Cheating isn’t a puddle you accidentally step in. It’s a choice you make. It doesn’t happen, you choose it. If you don’t want to cheat on your wife, just choose not to. I realize you said in your OP that you’re not considering it, and I totally believe you. What I don’t get is that you’re hoping you won’t. Just don’t.

Anyway… your question. I think that the partner you commit yourself to has a right to the truth. Like others have said, they have the right to make their own decisions based on the truth.

Can’t speak to Elizabeth, obviously. I phrase it thusly because I have found that making blanket statements of intention is an invitation to disaster. I don’t want to discount cheating as impossible, because that’s pretending that the part of me that is a cheater doesn’t exist any more. But it does still exist; it’s not going away.

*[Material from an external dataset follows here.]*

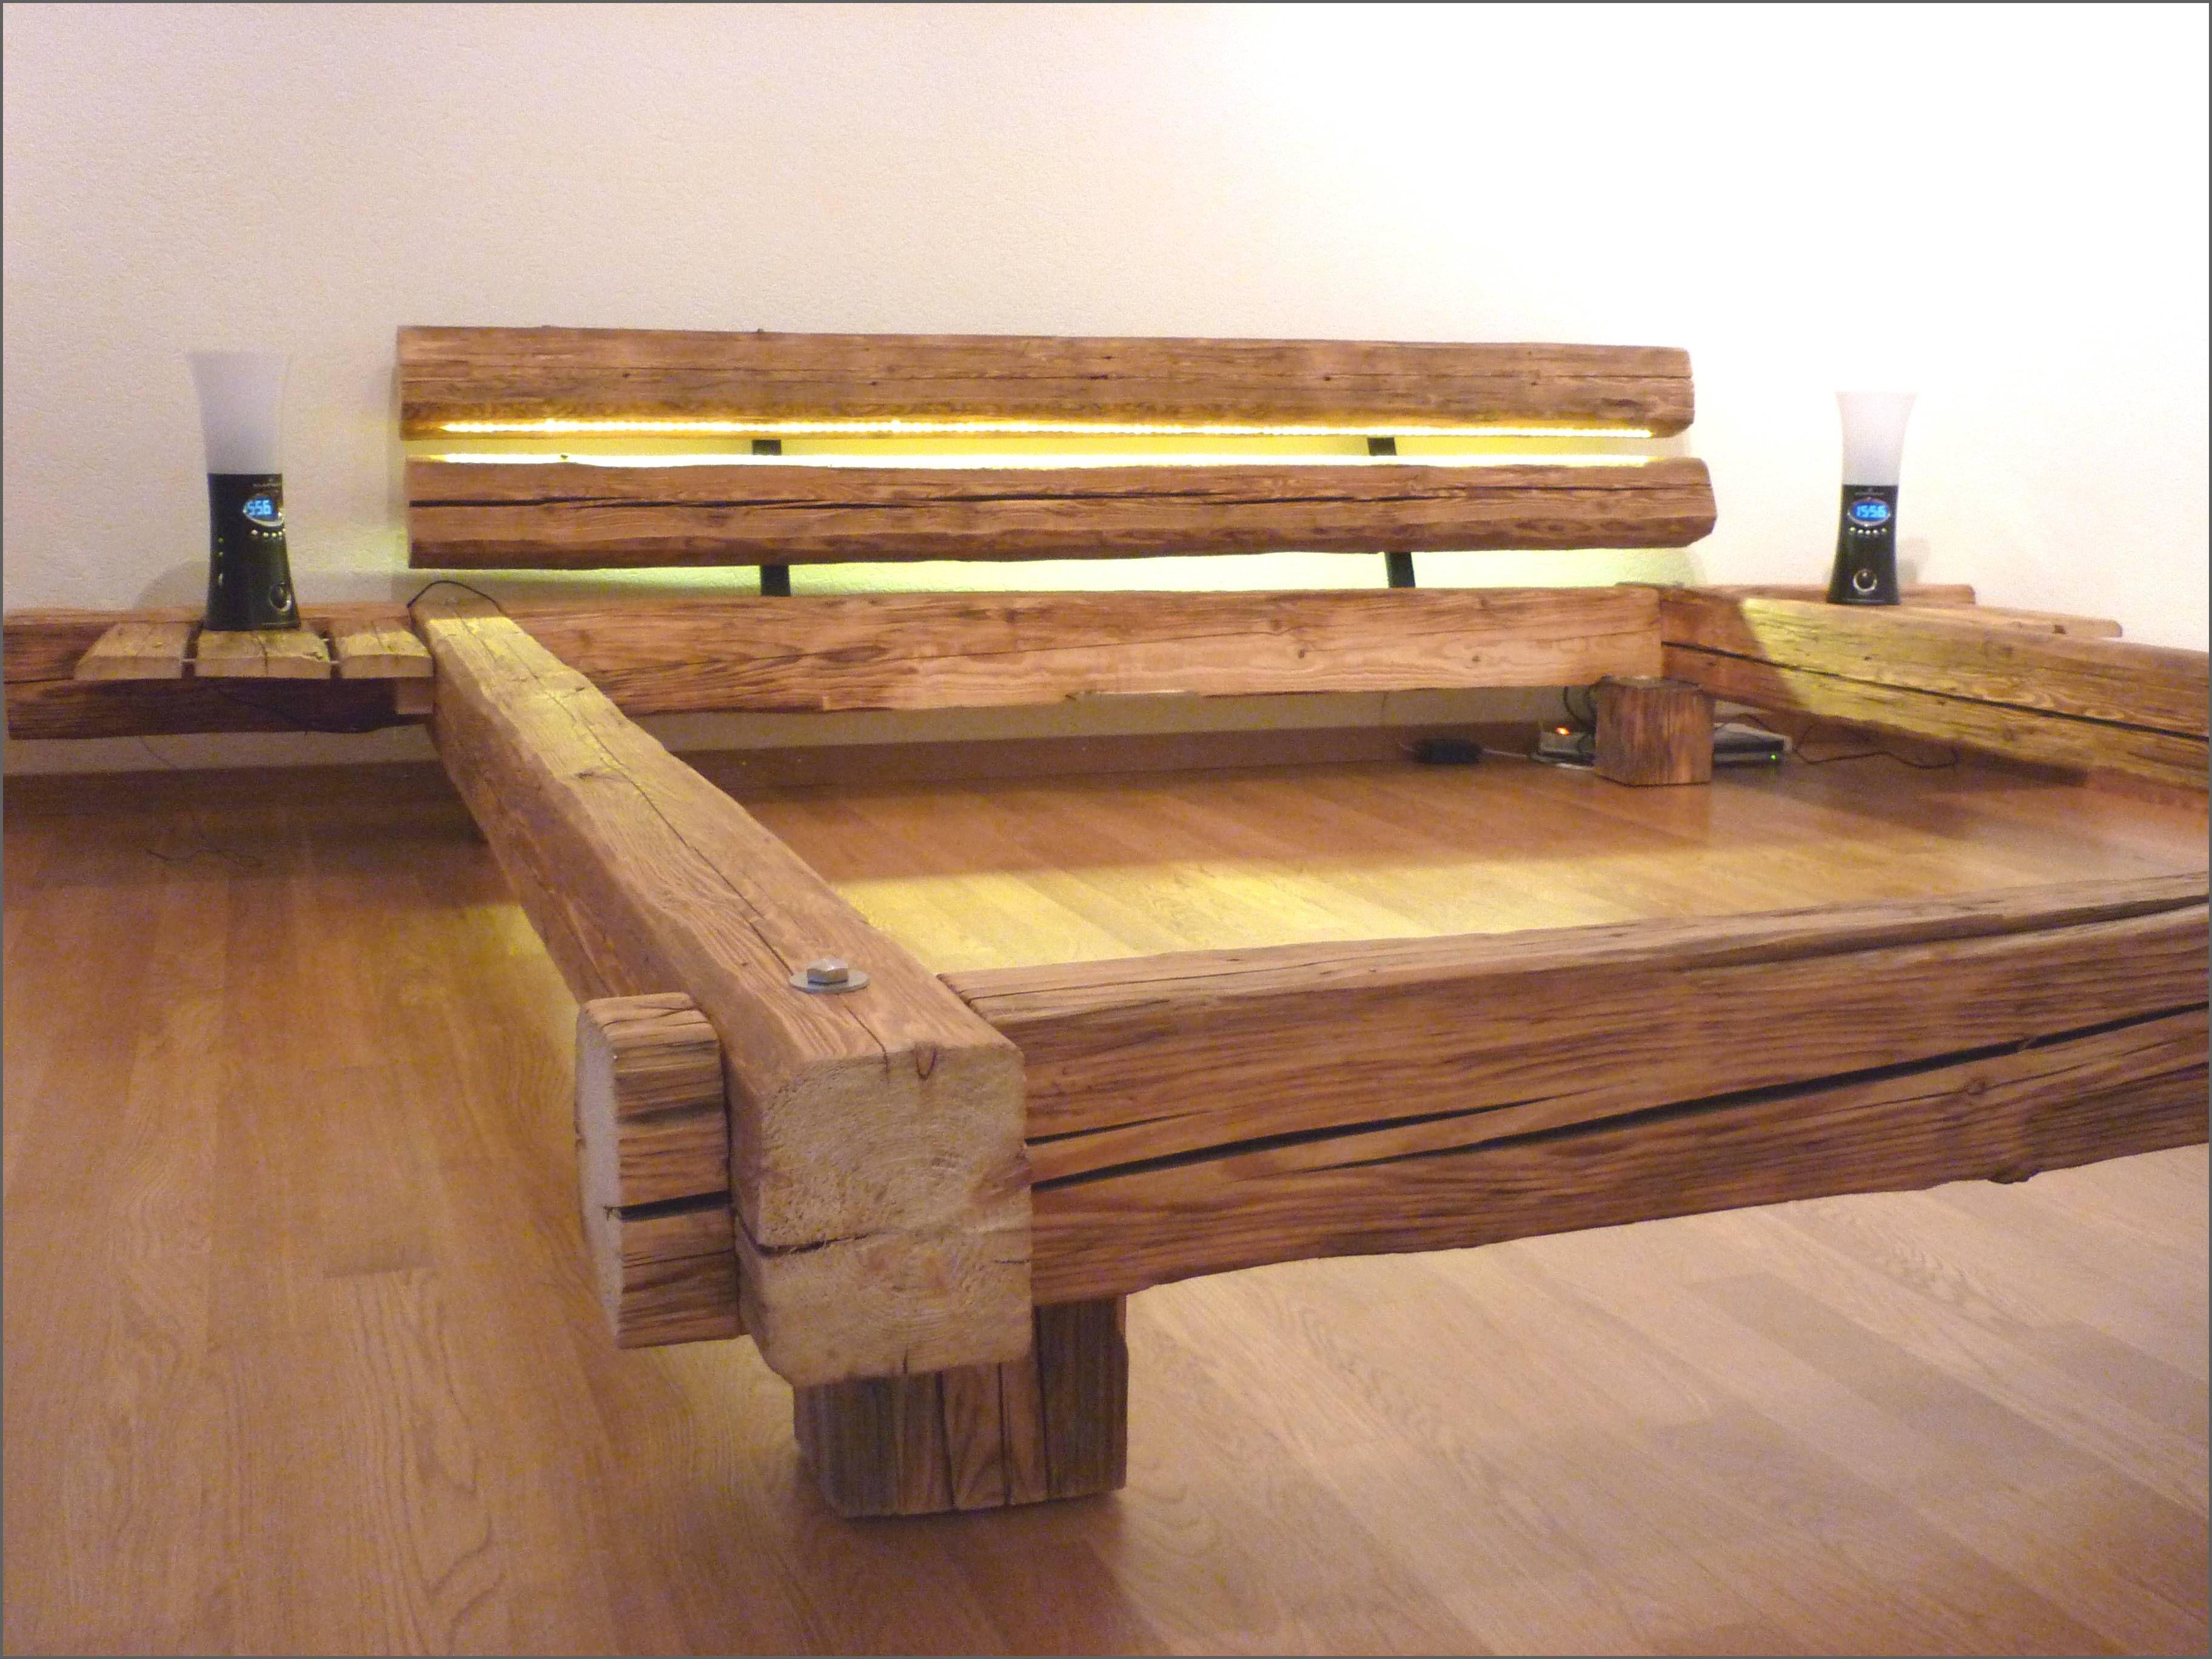 Billig Futonbett Massivholz Bett Selber Bauen Schlafzimmer

It’s something I have to guard against.

I have an absolute responsibility to control in whom my dick goes, and saying “I know I’ll never cheat again,” it seems to me, is, ah, dangerously cocky.

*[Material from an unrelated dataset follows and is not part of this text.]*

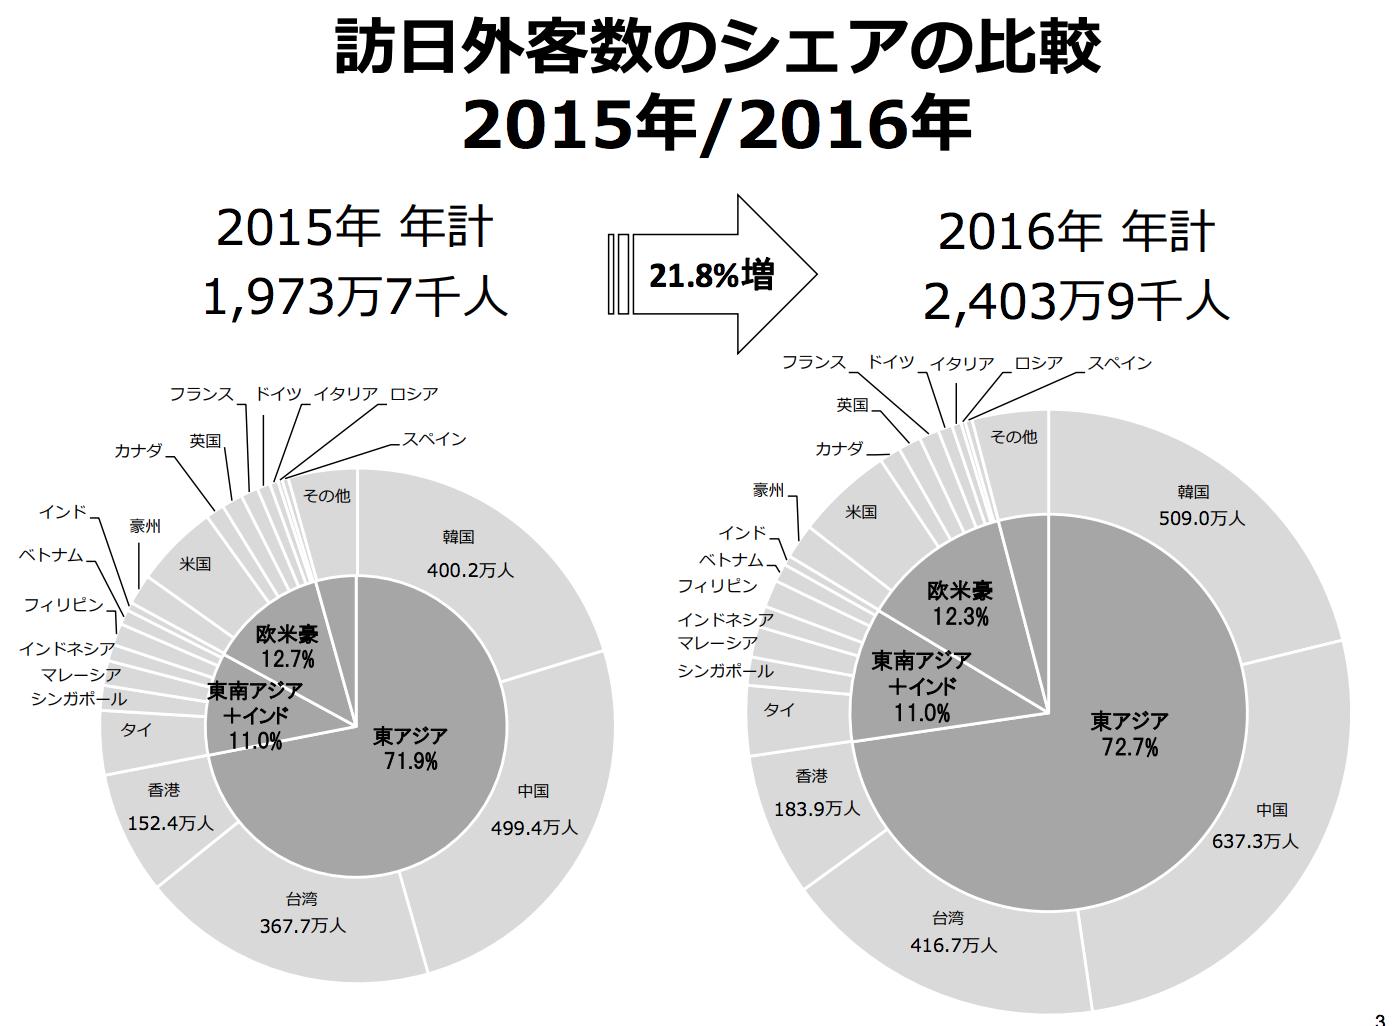 2016年訪日人数 2,403万人 2020年目標4,000万人 日本政府観光局 JNTO 1

I felt awful cheating on my first wife and even worse finding out that my second wife was cheating on me.
There is always a reason unless you are just a cold hearted ass. I will make no excuses, I let mr. winky make the choice. As I advance in age and hopefully wisdom those days are past me.

I can absolutely see why some people would want to know. I can also see (and agree) why some people would not want to know. But I think what you, the cheater, would or would not want is irrelevant.

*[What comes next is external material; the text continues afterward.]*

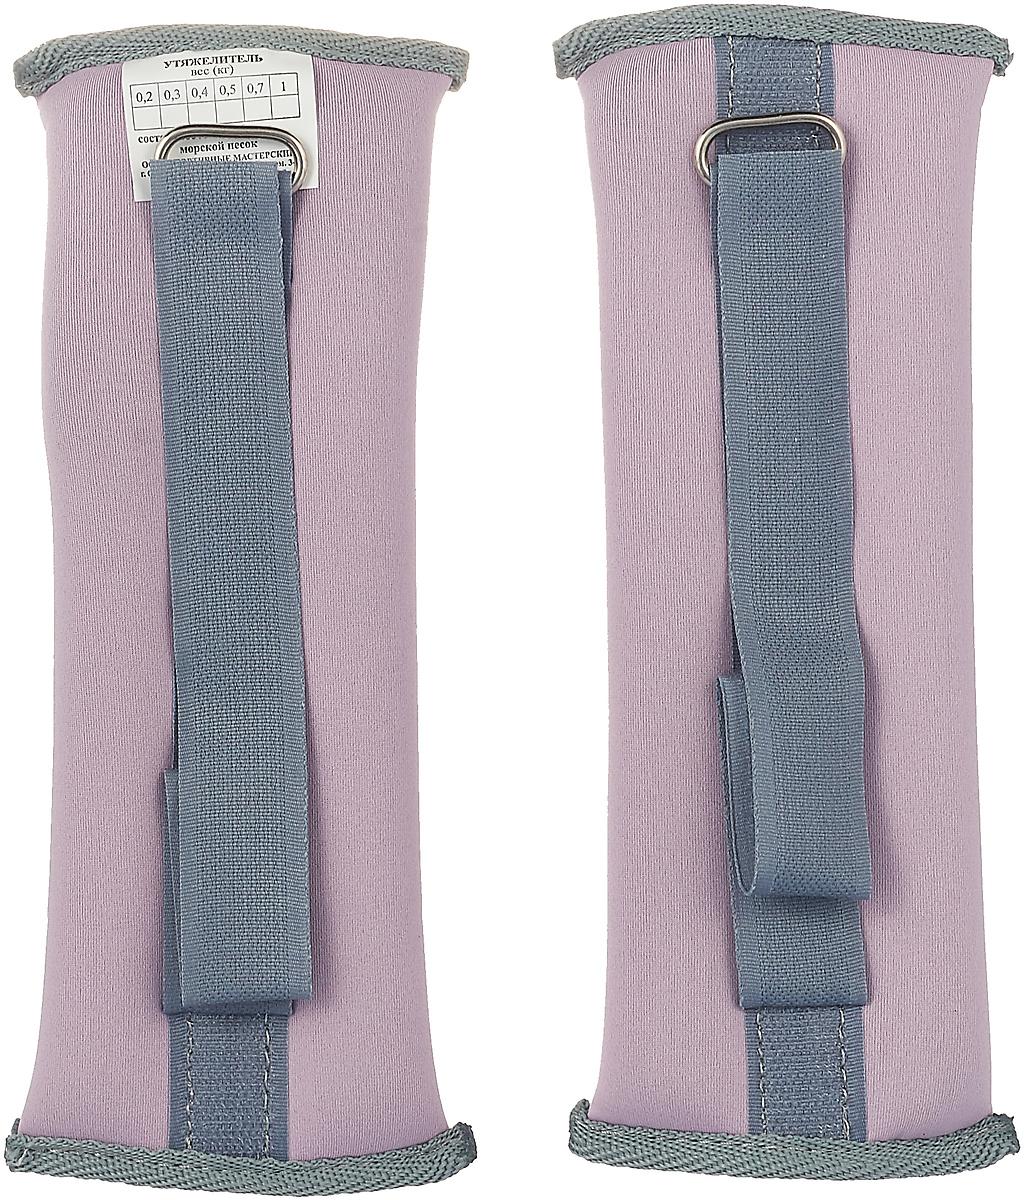 Утяжелитель спортивный Indigo Неопреновые, цвет: сиреневый, 0,3 кг, 2 шт утяжелитель браслет для рук indigo цвет фиолетовый 0 1 кг 2 шт

This is one of those cases where the Golden Rule is bullshit. I think the best thing to do is not to treat your partner as you’d like to be treated, but to treat them as THEY would like to be treated. And I’d hope that by the time marriage came up, you’d already have had this discussion as a hypothetical long before it’s ever needed in a practical sense.

In my own personal marriage, my husband is on orders not to tell me of a one-time only violation of our marital agreements. I, on the other hand, would tell him. Because we’ve talked about it, and agreed to respect the other’s wishes, even though they’re different.

[Bolding mine.]

And this is what I was trying to say, but better. Spot on, in my humble opinion.

Well said.

No, never, under any circumstances.

In the circumstances that you described? I wouldn’t want to know. Seriously. It would just piss me off. It wouldn’t change anything, you know? Especially if it were confessed after the fact. It’d tear me up until I got over it. Which, if it were truly one time, I would. So. . .seriously. Why bother?

Now, ongoing affair? I’d want to know so that things could be ended to the satisfaction of all involved. But a one-time fling? Hell no.

Ironically, in my marriage, this was an issue. My ex-husband wanted to do the whole. . .I don’t know, swinging thing? Kind of pressured me to be involved with other people (or, at least, that’s how it felt). He was as well.

He would talk about it incessantly, which would piss me off (if it’s happening, I don’t want to hear about it). I wouldn’t talk about it at all, which would piss him off (I don’t talk about that kind of thing, and really wasn’t enamoured of the whole idea of being in another relationship anyway, but, hey, old college try and all). Utterly incompatible.

If they’re doing it without the spouse’s approval, then there IS something wrong with that relationship. It’s that simple.